| MATERIAL PROVIDED |
..............................

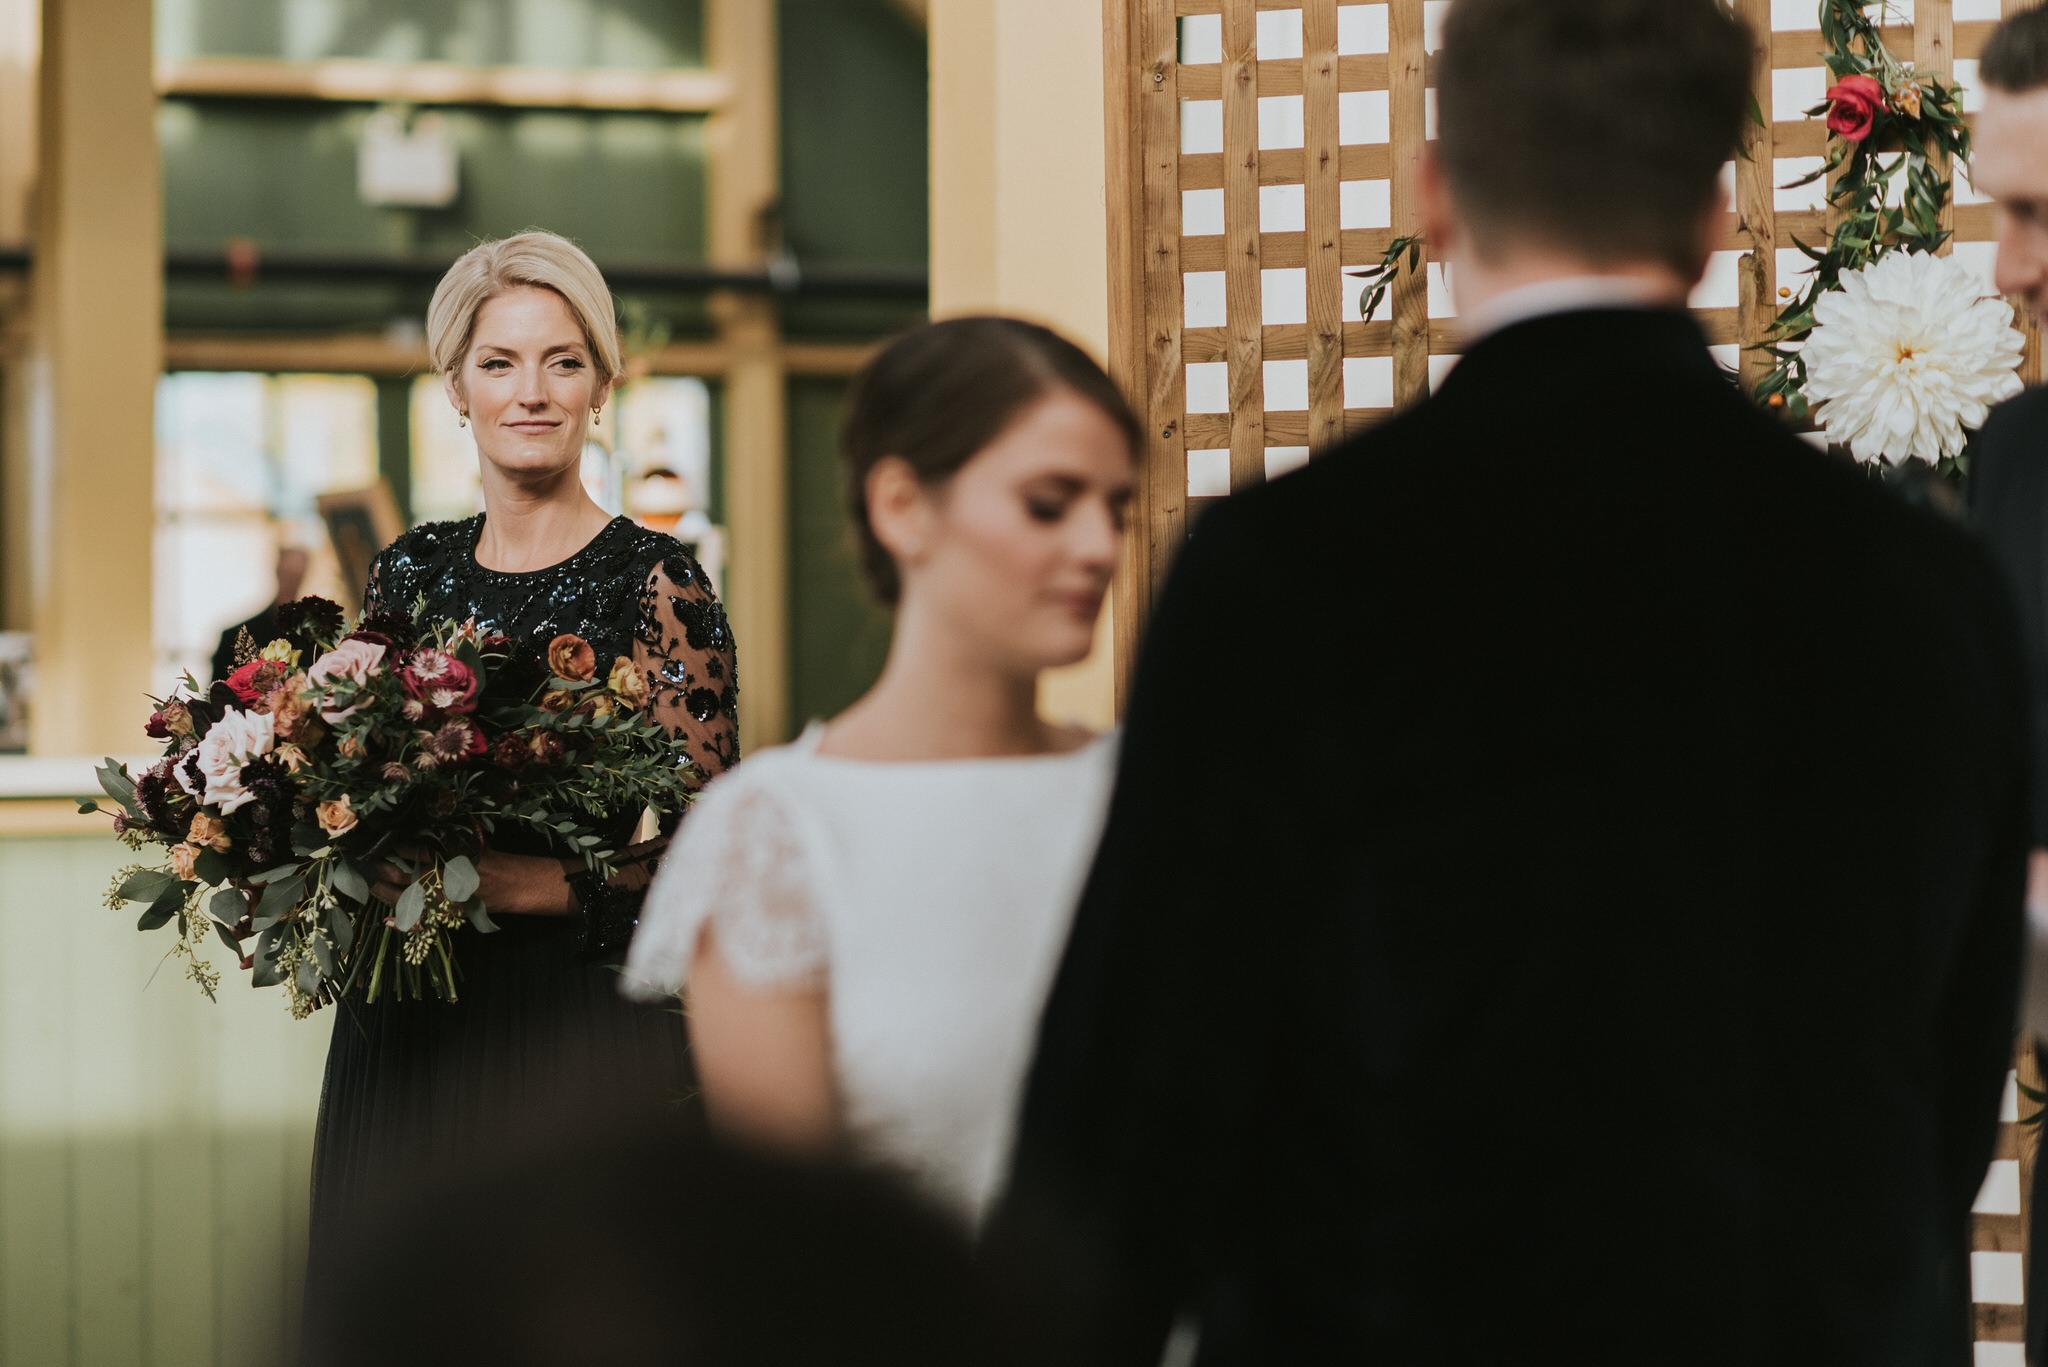 scarletoneillphotography_weddingphotography_prince edward county weddings114.JPG
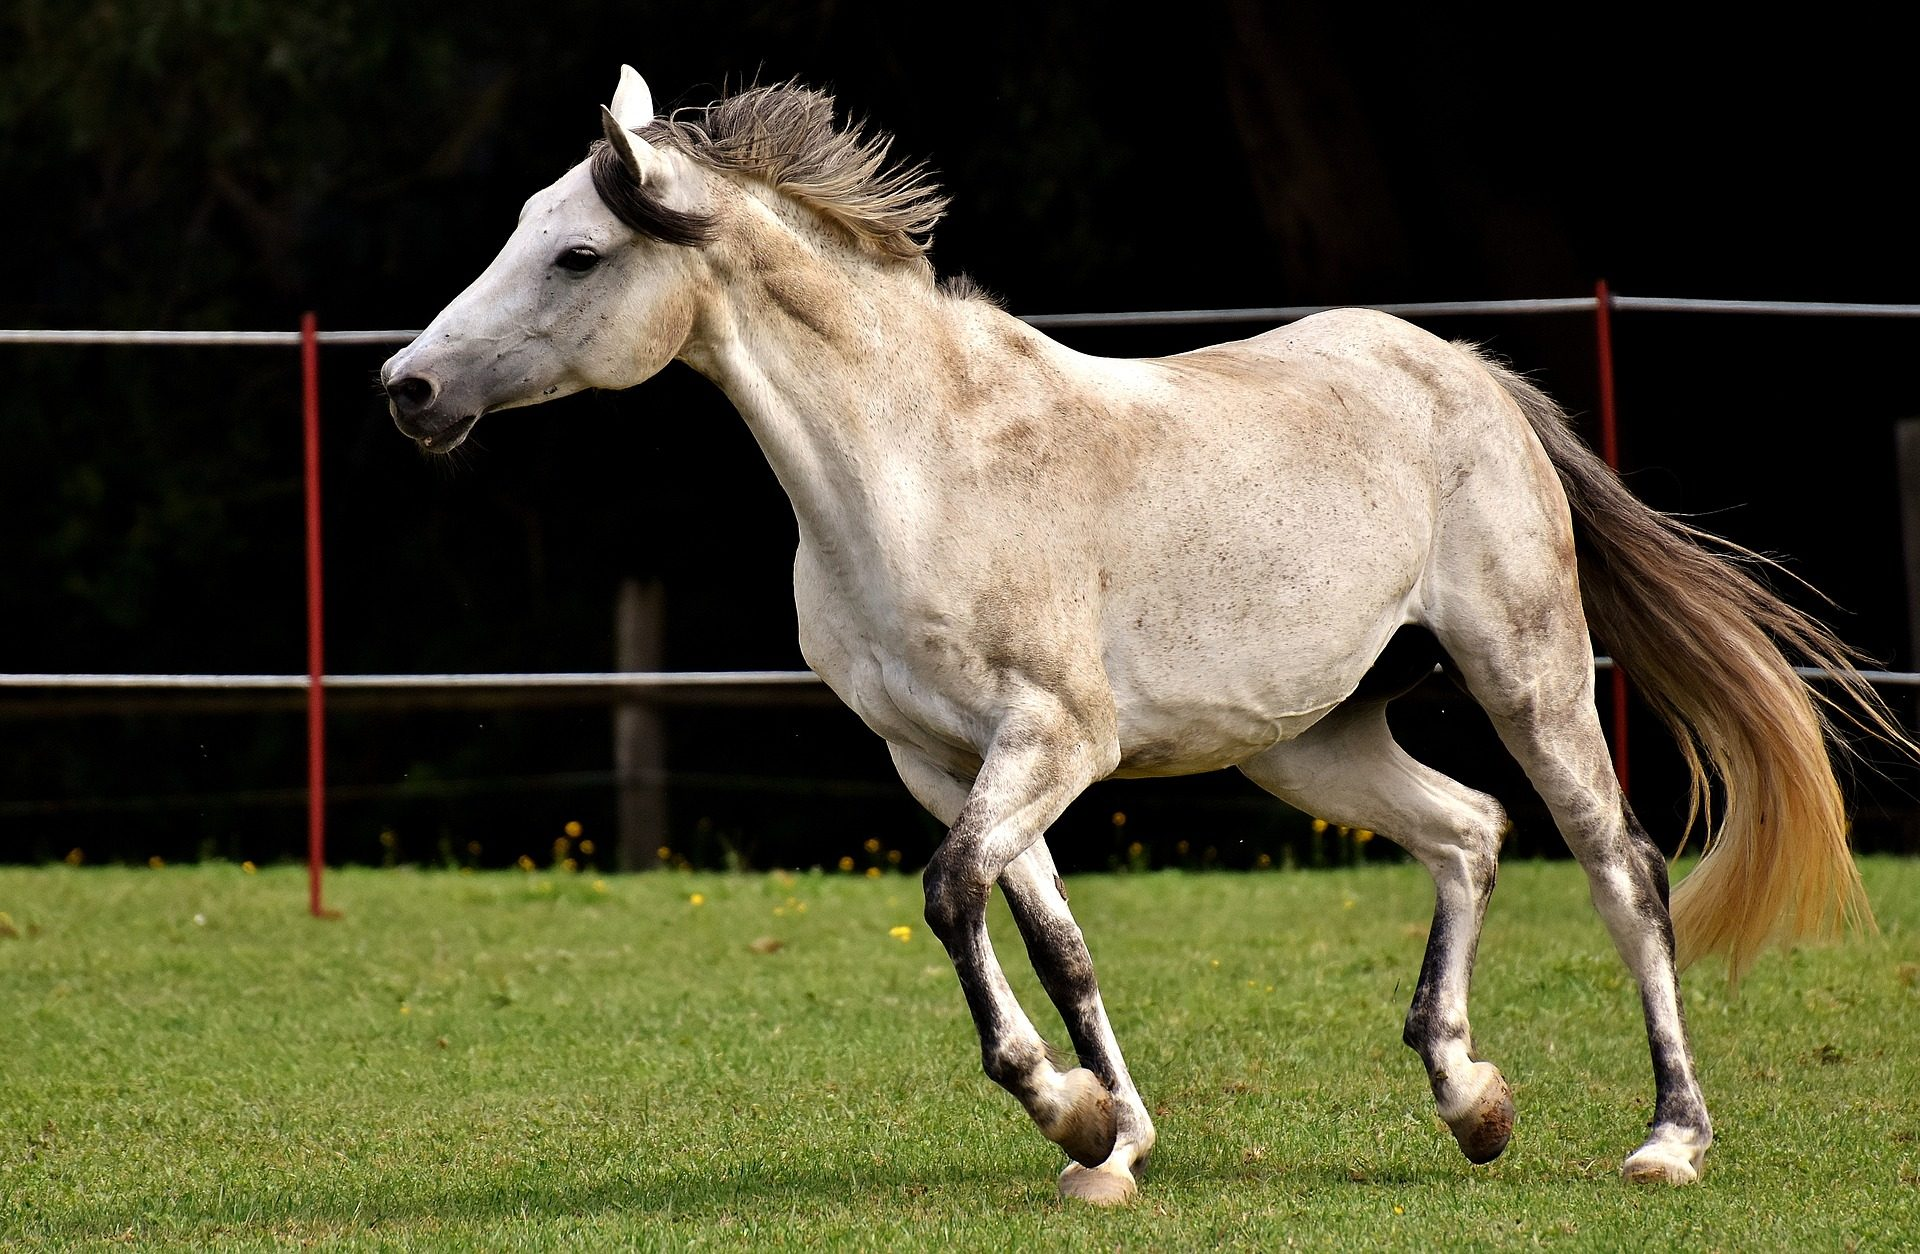 घोड़ा, सरपट, लगातार, प्रशिक्षण, लॉन, घास - HD वॉलपेपर - प्रोफेसर-falken.com
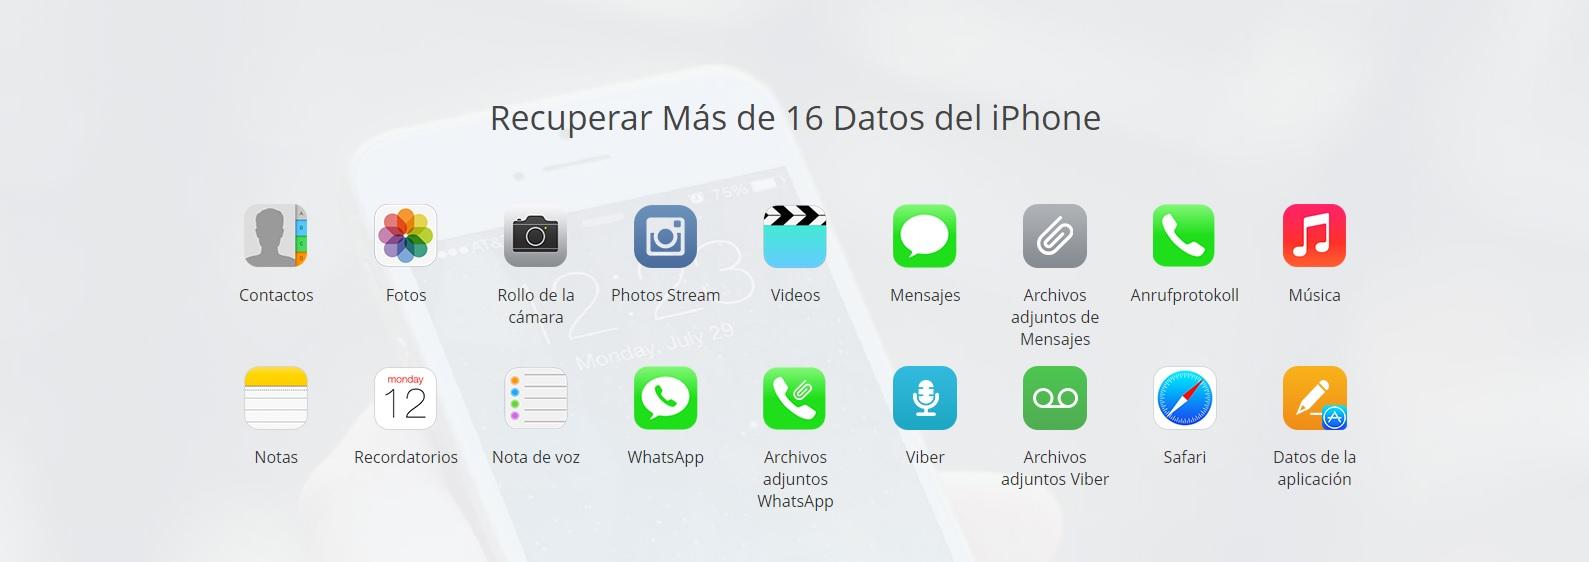 Jihosoft: Recupera datos en el iPhoneJihosoft: Recupera datos en el iPhone

..............................

| EXERCISE DETAILS |
Keep the pictures out, and write out the rest of the data above word for word.

| TASK RESULT |
 scarletoneillphotography_weddingphotography_prince edward county weddings114.JPG
 घोड़ा, सरपट, लगातार, प्रशिक्षण, लॉन, घास - HD वॉलपेपर - प्रोफेसर-falken.com
 Jihosoft: Recupera datos en el iPhoneJihosoft: Recupera datos en el iPhone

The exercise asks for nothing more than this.